Голос Моне прервался, словно он задавил в себе всхлип. Люсьен не знал, что делать. Обнять своего наставника? Посочувствовать ему? Похлопать по плечу и сказать, что все будет хорошо? Как и с отцом, Люсьену казалось неправильным утешать своих «дядьев»-художников. Они были столпами силы и решимости, они были гениями — как же можно даже помыслить о том, чтобы предлагать им нечто, помимо восхищения? Но затем он подумал о своих друзьях, которые тоже художники: о Винсенте, Анри, Бернаре, даже о Сёра, который заперся в собственной интеллектуальной крепости оптики и теории цвета, — их всех одолевали приступы спеси, которые сменялись душераздирающими сомнениями в себе. Разве Моне, Писсарро и Ренуар чем-то лучше? Да ладно.
Люсьен сказал:
— Все знают, женой художника быть нелегко, но вы…
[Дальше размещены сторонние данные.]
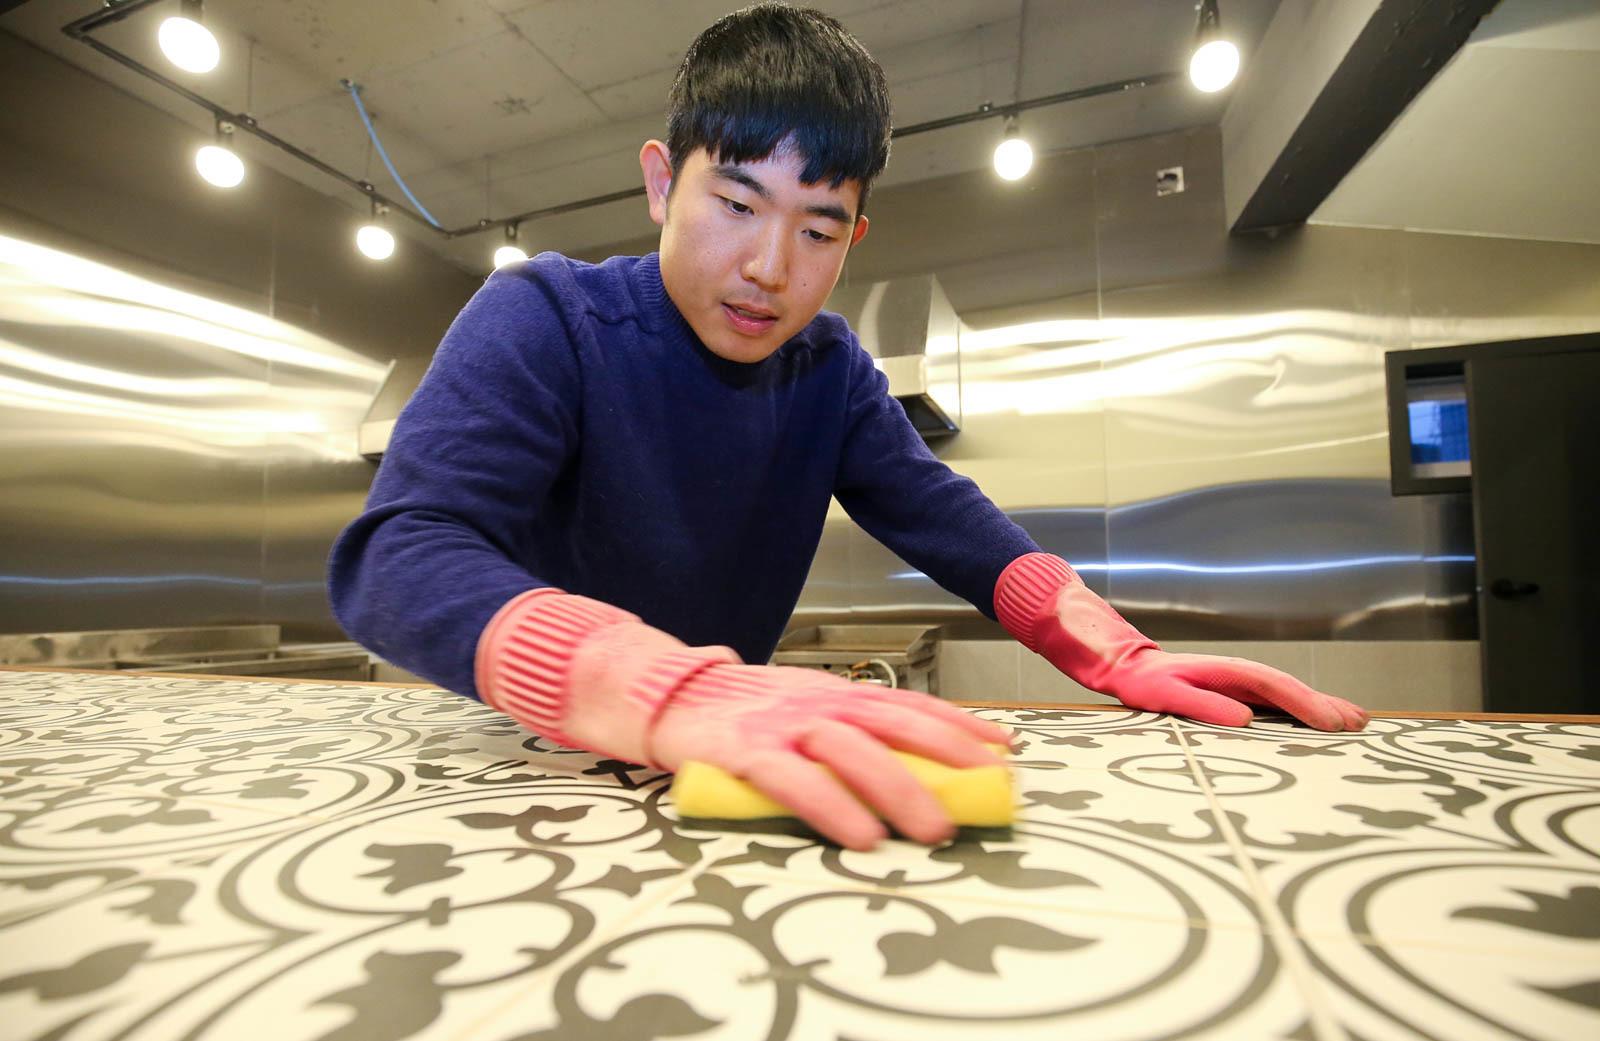 청년들의 직업 탐색을 돕는 사회적기업 창업을 꿈꾸는 유민수(26)씨가 '청년상상놀이터'에서 청소하는 모습. 프리랜서 장정필

Моне поднял руку с кистью перебить молодого человека:
— Твоя девушка, эта Жюльетт? Она болеет?
— Что? — Люсьен как раз оглядывал пруд с кувшинками — вдруг в нем проявится какой-то порядок. Что ж он рассчитывал услышать? — Жюльетт? Нет, она не болела.
— Это хорошо, — сказал Моне. — Вероятно, она тебя бросила, пока ничего не случилось. А у Камилль заняло много лет, очень много. Но я старался ее спасти. По правде надеялся.
С этими словами Моне положил палитру наземь, бросил кисть в ведерко скипидара, свисавшее на цепи с мольберта, и встал.
— Пойдем со мной.
Моне провел Люсьена по всему саду к большому и тусклому каменному флигелю рядом с домом. Художник отпер дверь ключом, висевшим у него на часовой цепочке, и они зашли в мастерскую с высоким потолком и световыми люками, задрапированными белым, чтобы лучше рассеивался свет. Освещение здесь походило на то, что было и у Люсьена в сарае.
У одной стены размещались деревянные стойки, в которых, не соприкасаясь, сохли холсты, а на задней стене, до самого потолка, вплотную друг к другу висели десятки работ самого хозяина — главным образом, его сад и пейзажи, написанные вокруг Живерни. Завершенные картины стояли на полу рядов в десять, лицом к стене, чтобы не припадали пылью, пока их не покроют лаком.
— Наверное, бóльшую часть нужно отправить Дюран-Рюэлю, — сказал Моне. — Нехорошо так много держать в одном месте. Писсарро шестнадцать сотен потерял, когда пруссаки оккупировали его дом в войну. Они его картинами подвязывались как фартуками, когда устроили там скотобойню. Выстилали ими пол, чтобы кровь не протекла.